● Provided material
========================================================================

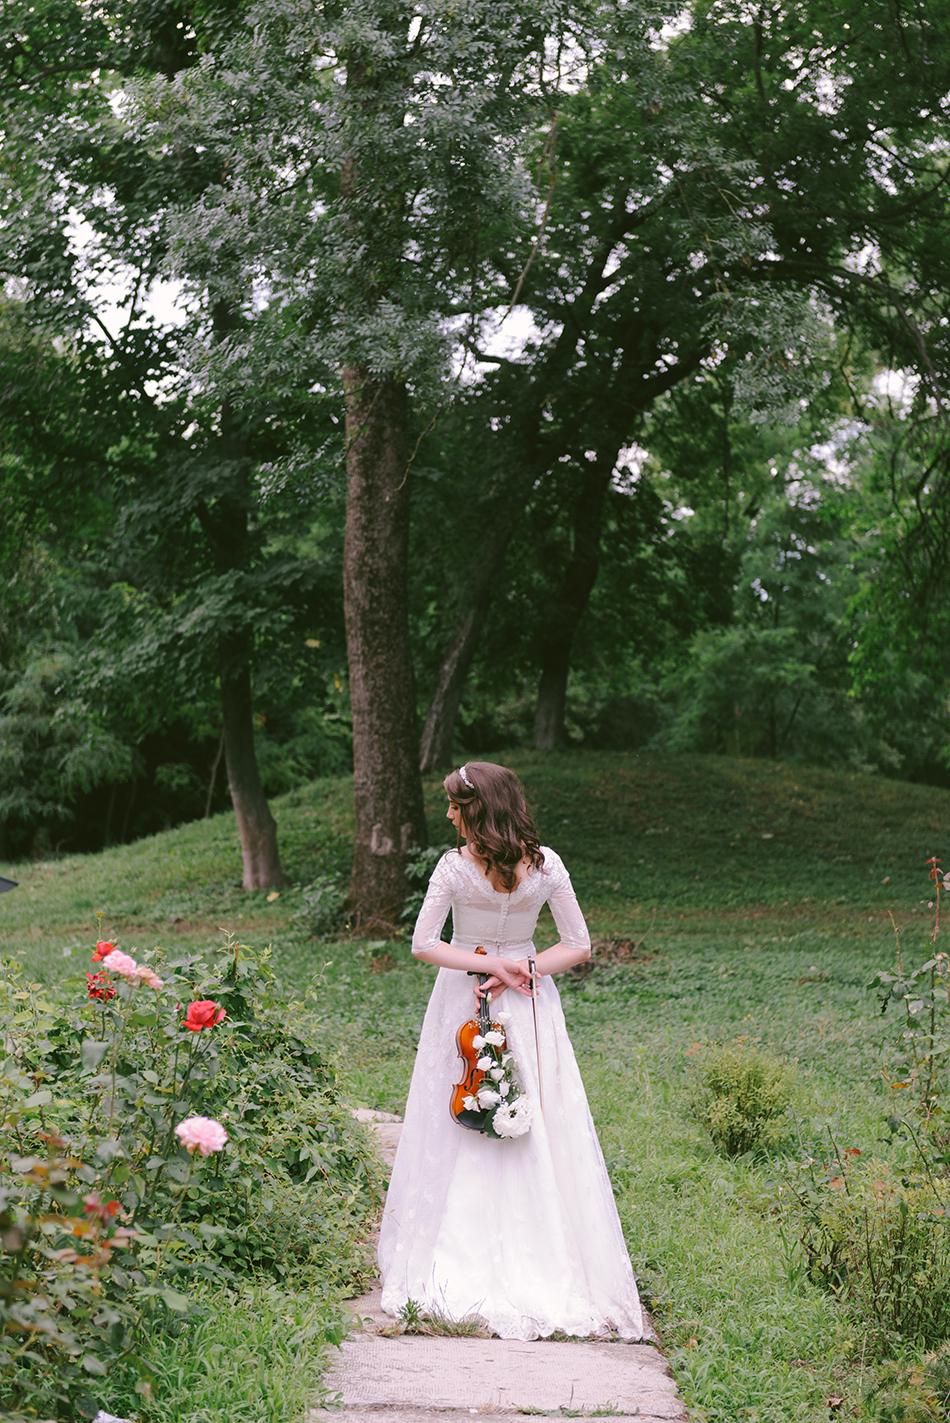 AD Passion Photography | sami-ela-lela-nunta-domeniu-lupas-arad_0040 | Adelin, Dida, fotograf profesionist, fotograf de nunta, fotografie de nunta, fotograf Timisoara, fotograf Craiova, fotograf Bucuresti, fotograf Arad, nunta Timisoara, nunta Arad, nunta Bucuresti, nunta Craiova
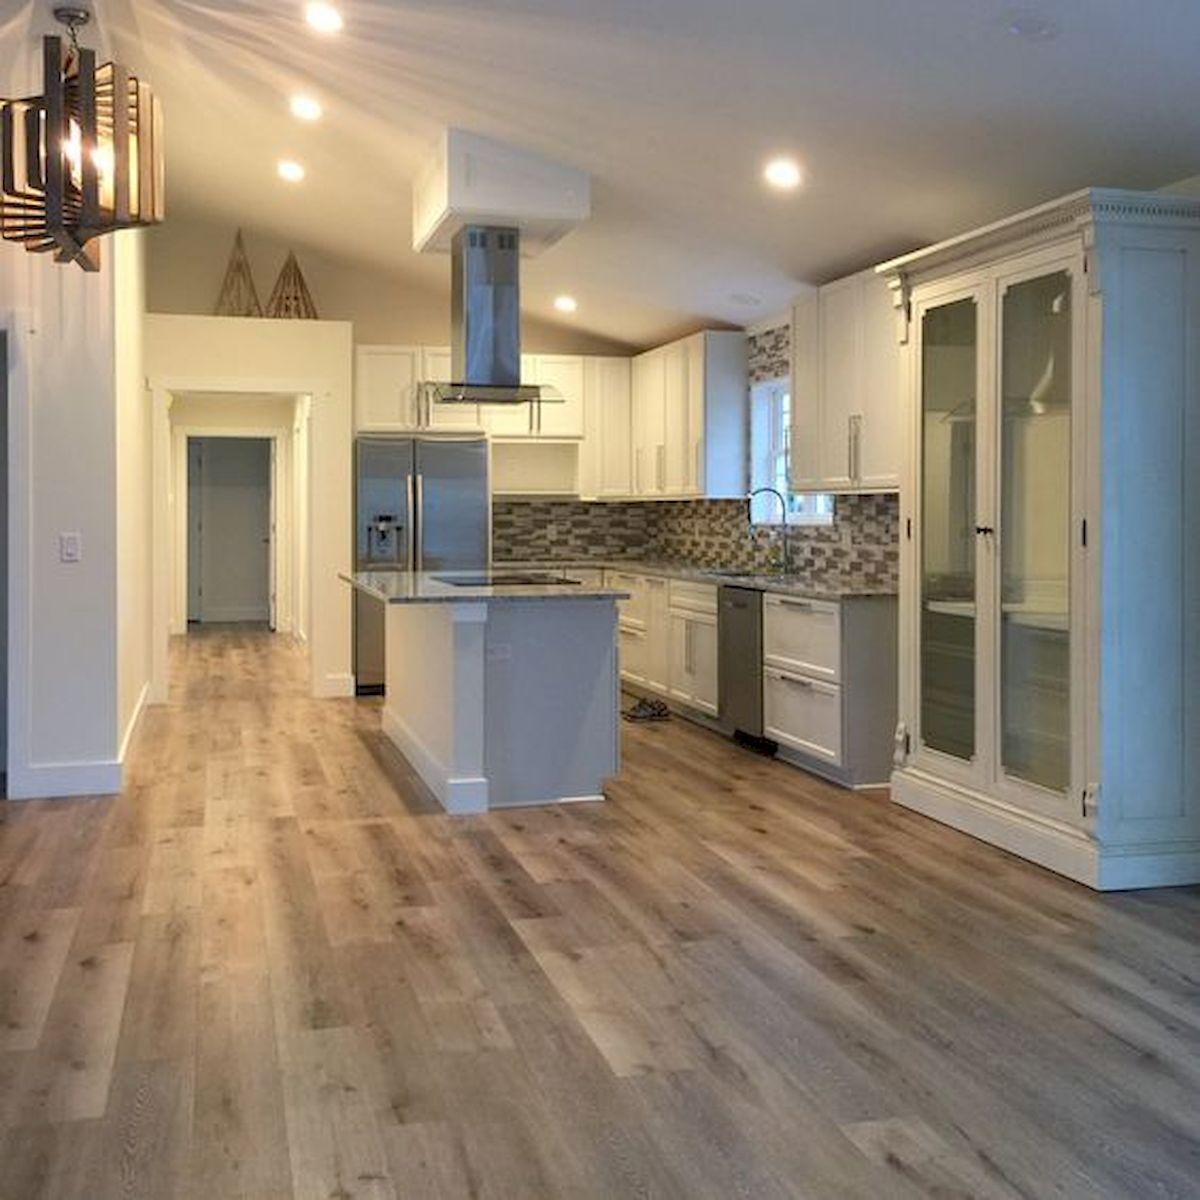 80 Gorgeous Hardwood Floor Ideas for Interior Home (71)
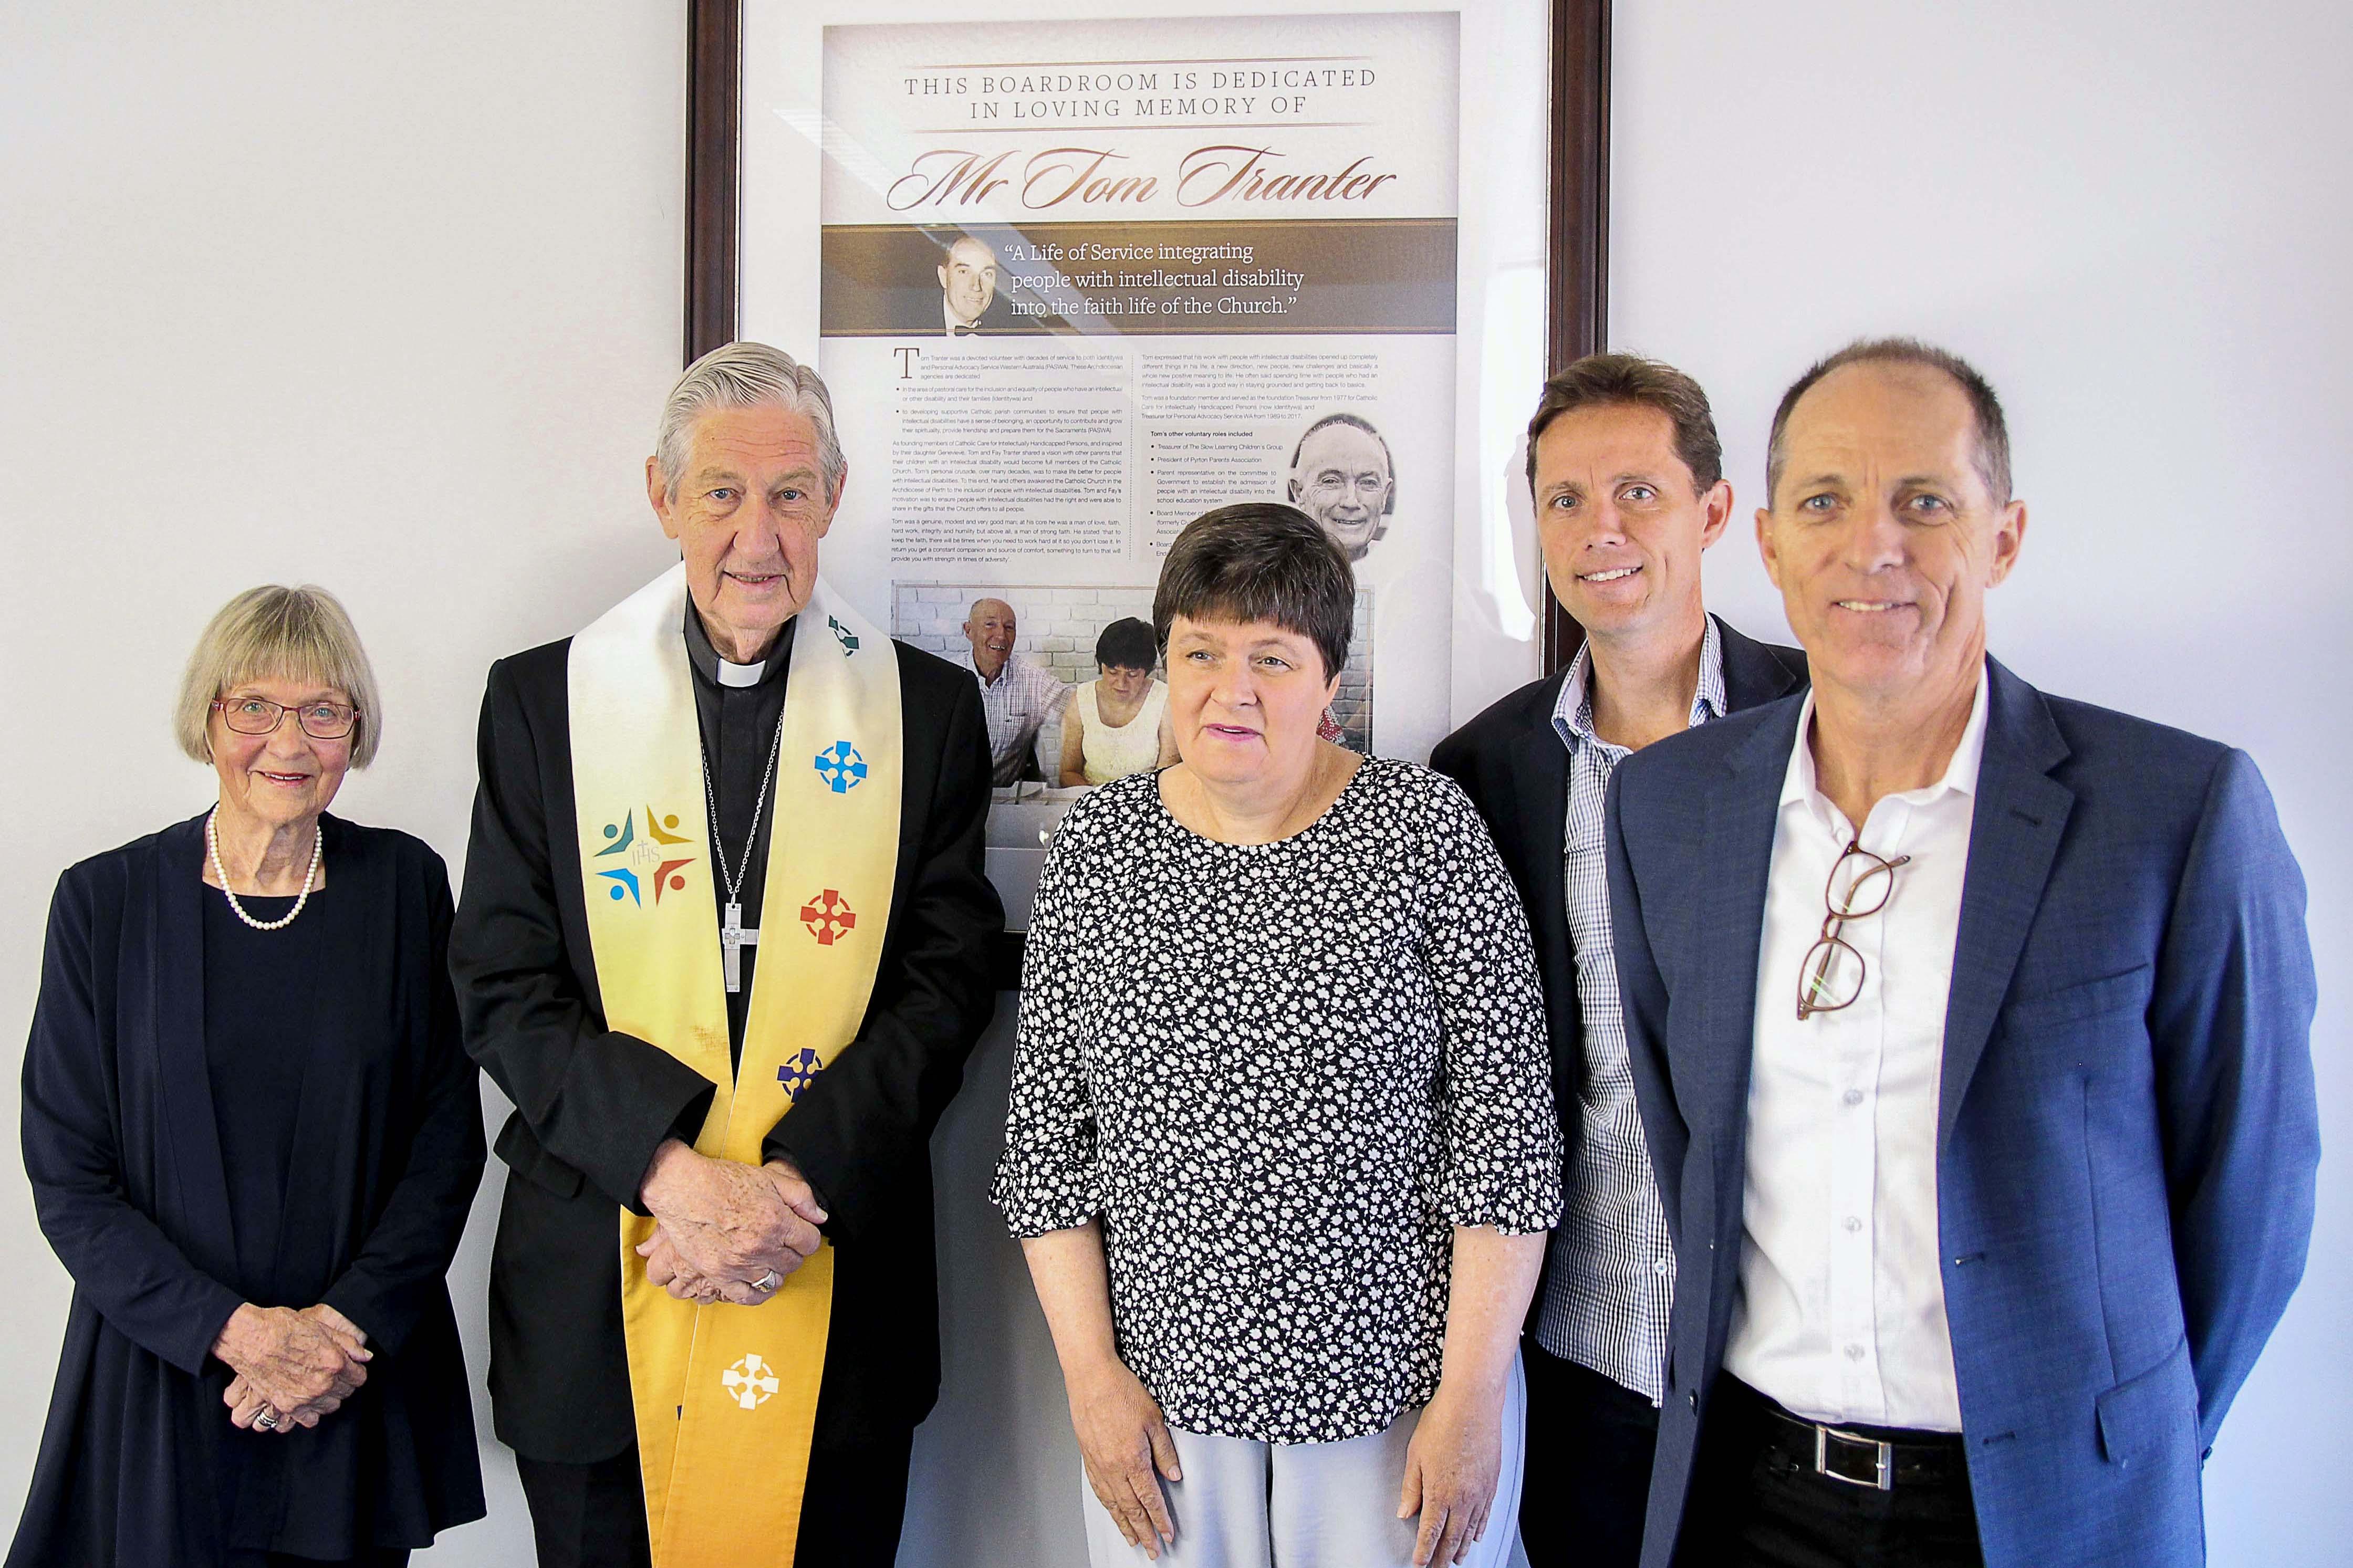 From left to right: Mrs Fay Tranter, Emeritus Archbishop Barry Hickey, Ms Genevieve Tranter, Mr James Tranter and Matthew Tranter. Photo: Identitywa.
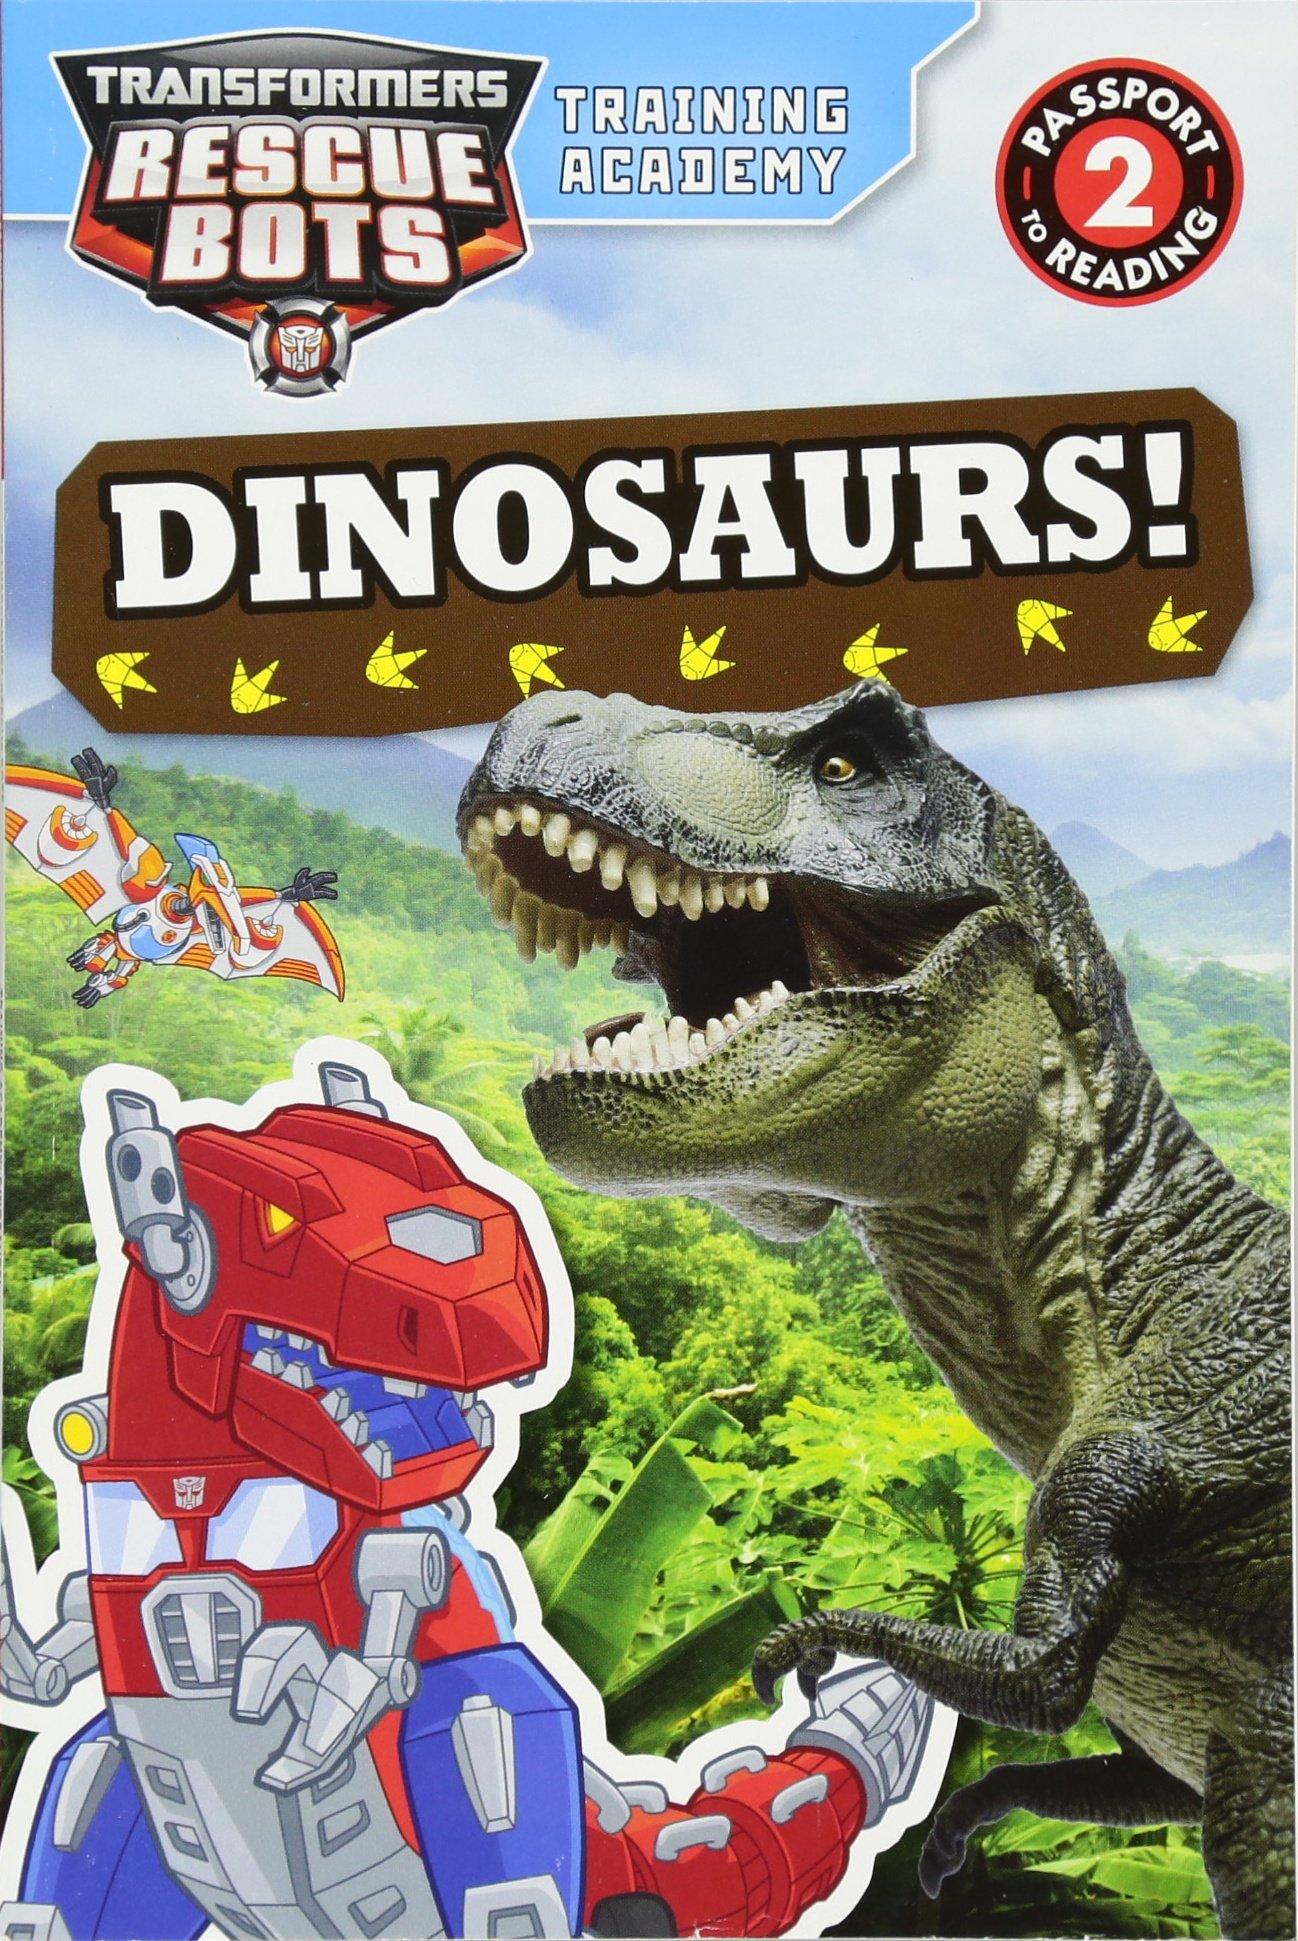 Transformers Rescue Bots Training Dinosaurs

========================================================================

● What you should do
Word for word, restate the material above; do not carry over the pictures.

● Final answer
 AD Passion Photography | sami-ela-lela-nunta-domeniu-lupas-arad_0040 | Adelin, Dida, fotograf profesionist, fotograf de nunta, fotografie de nunta, fotograf Timisoara, fotograf Craiova, fotograf Bucuresti, fotograf Arad, nunta Timisoara, nunta Arad, nunta Bucuresti, nunta Craiova
 80 Gorgeous Hardwood Floor Ideas for Interior Home (71)
 From left to right: Mrs Fay Tranter, Emeritus Archbishop Barry Hickey, Ms Genevieve Tranter, Mr James Tranter and Matthew Tranter. Photo: Identitywa.
 Transformers Rescue Bots Training Dinosaurs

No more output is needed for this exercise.